Sermon for July 27, 2008

Texts: Isaiah 11:1-10/Matthew 6:25-34

Title: “Manifest Destiny”

 

“Those who fail to learn from history are doomed to relive it.” The philosopher George Santayana and all thoughtful people agree that history has much to teach.  We live into the future but how effectively we live, and how fulfilling that experience is likely to be, is in many ways contingent on the lessons we have learned from the life already lived.

              We may be the products of our history, however that does not mean that we are determined by it.  We may ignore the past.  We may do that. Or, we may decide, for whatever reason, to spontaneously chart a new course.

              Yesterday is a memory; tomorrow is an aspiration, today, the moment we are living, is a link in that chain, its full significance yet to be revealed. 

              Yesterday is past, irretrievable. We may sweep up and clean up the mess we have made, but we will never relive yesterday to a better outcome. Yesterday is past. Night will never fall on such a day again.

Today is what we have, but the significance of this day for many of us rarely registers as it is being lived. Most commonly it is deemed merely a transit point from yesterday to tomorrow.

Tomorrow is where the action is. We may live today, but much of what we do is preparation for tomorrow, a report to finish, a medical exam to prepare for, a trip to pack for. We are forward looking. We care about the future. 

              We care about the future.  It’s the prudent thing to do. Now some feel, and quite rightly so, that their freedom to alter the future is very limited.  History has been cruel. The future is something to which one surrenders, “what will be will be,” rather than being a hope inspiring object of pursuit. For people who maintain that attitude life is fragile, a modest candle flame buffeted by shifting winds.

              In our privileged circumstances life is, for most of us, not fragile.  We experience life as unfolding according to a logic we may not really penetrate, but nonetheless trust.  Explaining the circumstances that brought her fiancé into her life, Margaret explained, “It was just meant to be.”  Many of us have found ourselves making just such a statement. “It was just meant to be.”  Why do we make such statements?  We make them because life for us is meaningful, meaning rich.  We believe that there is a logic to life, that we have not been placed on this earth only to be abandoned to the whims of fate.

              The logic to which Christians subscribe is founded upon our faith in God. Whims of fate have no standing in this world God created. That Margaret met her fiancé, “it was just meant to be,” was an event to which God was a party.  Of course, we persons of faith believe that there is no event, no experience, to which God is NOT a party. That has been an article of faith among people of faith since God appointed Abraham to establish the nation that would become Israel.

                Our forebears on this continent believed that God appointed them to populate this land.  John Winthrop, a member of the Pilgrim band that arrived here in the first decades of the 1600s, was firmly committed to that belief. “For we must consider [he wrote]that we shall be as a city upon a hill.  The eyes of all people are upon us, so that if we shall deal falsely with our God in this work we have undertaken, and so cause Him to withdraw his present help from us, we shall be made a story and a byword through the world.”  Winthrop and his band were firmly committed to the belief that God ruled, past, present and future.  They believed they were cast in a specific role in bringing that future to realization.

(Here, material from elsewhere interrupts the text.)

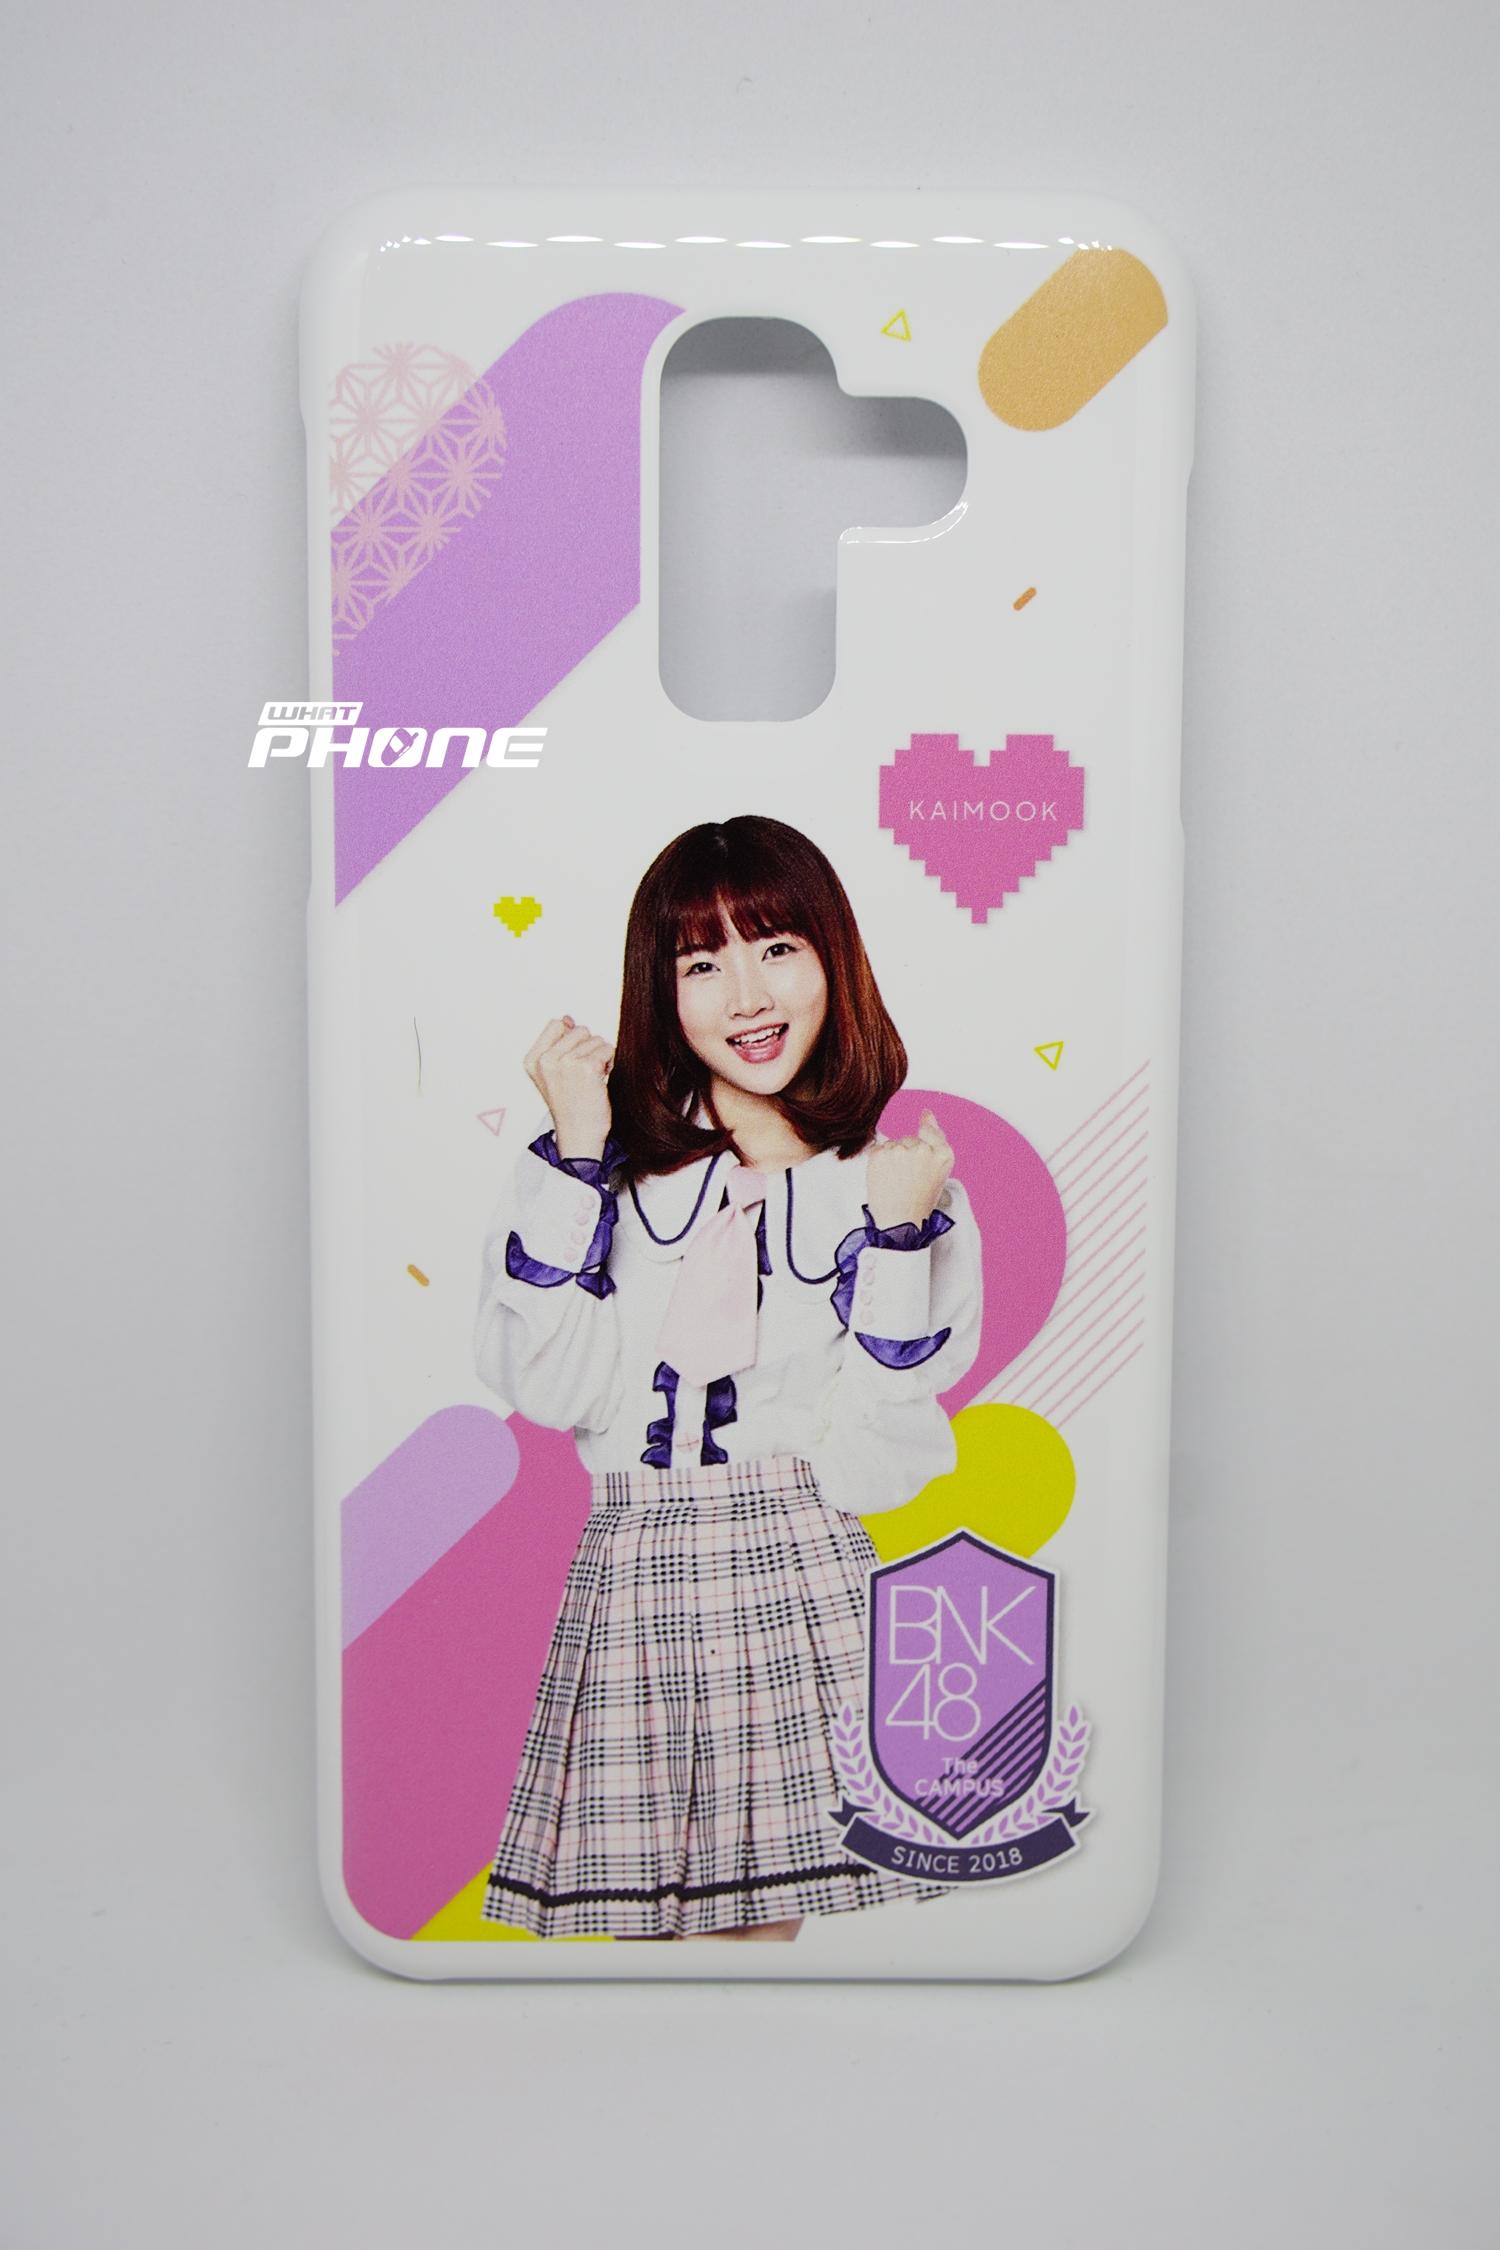 Samsung Galaxy J8 x BNK48 Limited Edition BOXSET Unboxing (10)

              Though God’s name was not invoked George Washington, 150 years later, picked up Winthrop’s theme, naming Providence as the great benefactor presiding over the settlement of this nation.: “The Citizens of America [he wrote], placed in the most enviable condition, as the Lords and Proprietors of a vast Tract of Continent, comprehending all the various soils and climates of the World, and abounding with all the necessities and conveniences of life, are now by the late satisfactory pacification, acknowledged to be possessed of absolute freedom and independency.  They are from this period, to be considered as Actors on a most conspicuous Theatre, which seems to be peculiarly designated by Providence for the display of human greatness and felicity.” Were Washington to rewrite his message for a contemporary audience the word selection would be different, but not the convictions underlying it.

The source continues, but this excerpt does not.